Electronic – Use MOSFET series resistor instead of shunt for current measurement

current measurementefficiencymosfetshunt

If I have a setup where a N MOSFET drives a heavy inductive load (say, 25A peak), can I use the MOSFET's internal resistance to measure said current the same way I would use a shunt resistor?

The value of the equivalent series resistance when the MOSFET is active (i.e. Rds-on) is usually very low and easy to find in the MOSFET's datasheet. I know it is not ideal, and will strongly depend on the FET's temperature a well as the current (so I have a loop there). Still, is there any serious impediment to this approach?

The reason I want to do this is because I have a system where I need to minimize component count as well as avoid any extra losses (i.e. shunts) when driving the inductive load, but can compute some corrections/linearization on a temperature-sensing micro-controller if needed.

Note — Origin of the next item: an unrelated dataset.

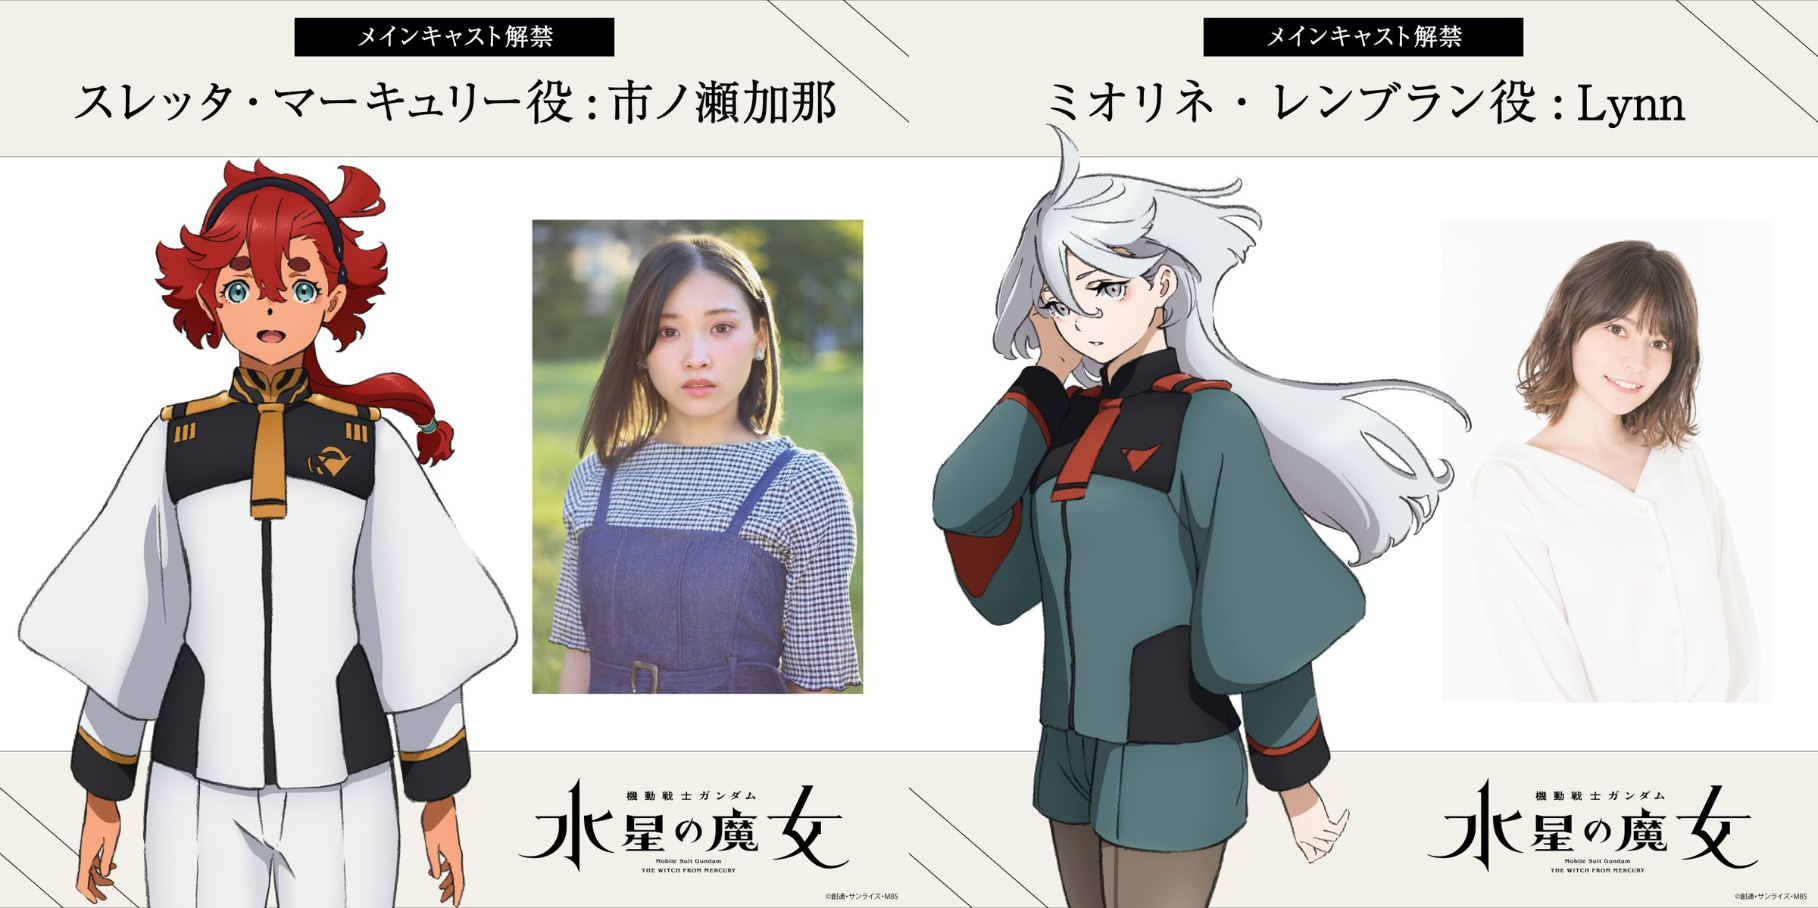 Gundam Witch Two Voice Cast Kana Ichinose and Lynn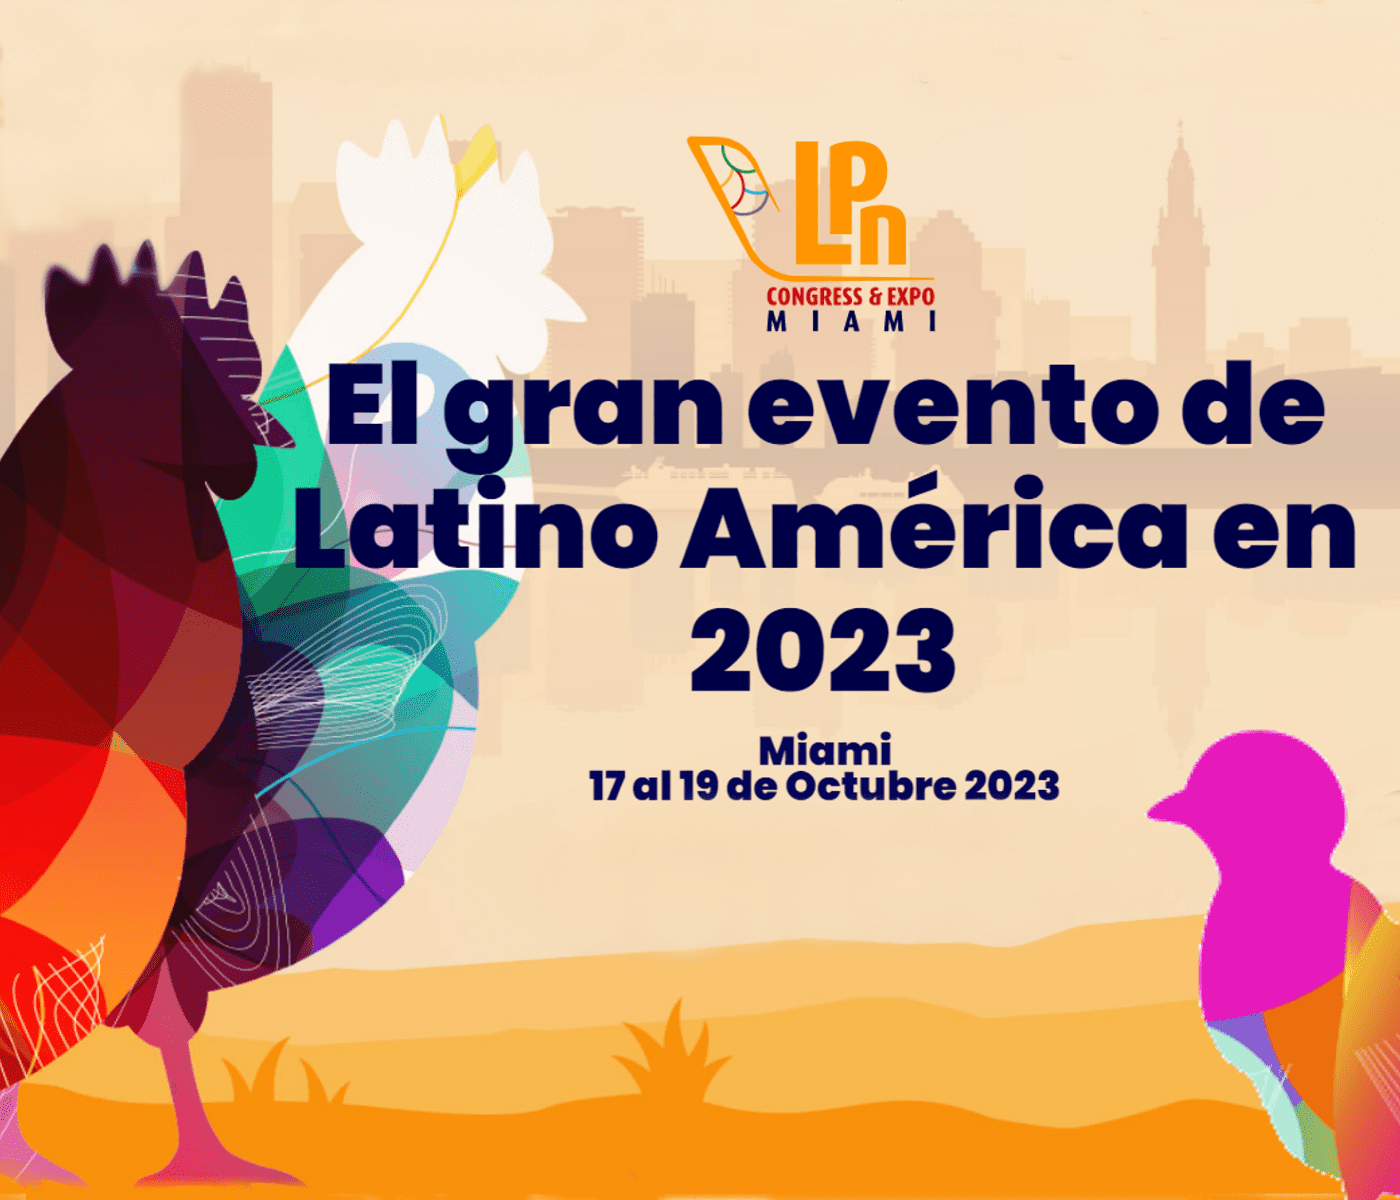 LPN Congress 2023: Extraordinaria zona expositiva para los decisores de la avicultura latinoamericana

I am almost 100% I saw a LiPo battery manager that appeared to do something similar, but I am unable to find it. As I recall, this IC estimated the charging current using something similar to what I just described. But maybe I am just mistaken.

Best Answer

equivalent series resistance ... easy to find in the MOSFET's datasheet

No. This seems to be your main misconception.

The datasheet tells you the guaranteed maximum, but not what it will actually be in any one device. Sometimes datasheets show typical specs, which are usually significantly less than the maximum. And of course any one device might be lower than typical too, but you don't know how much.

Then as others have said, RDSON has a strong dependence on temperature.

With calibration to the particular device, and maybe some correction for measured or assumed temperature, you might be able to detect very basic current thresholds, like "too high, shut down now". But anything you'd call a "current measurement" isn't really going to work.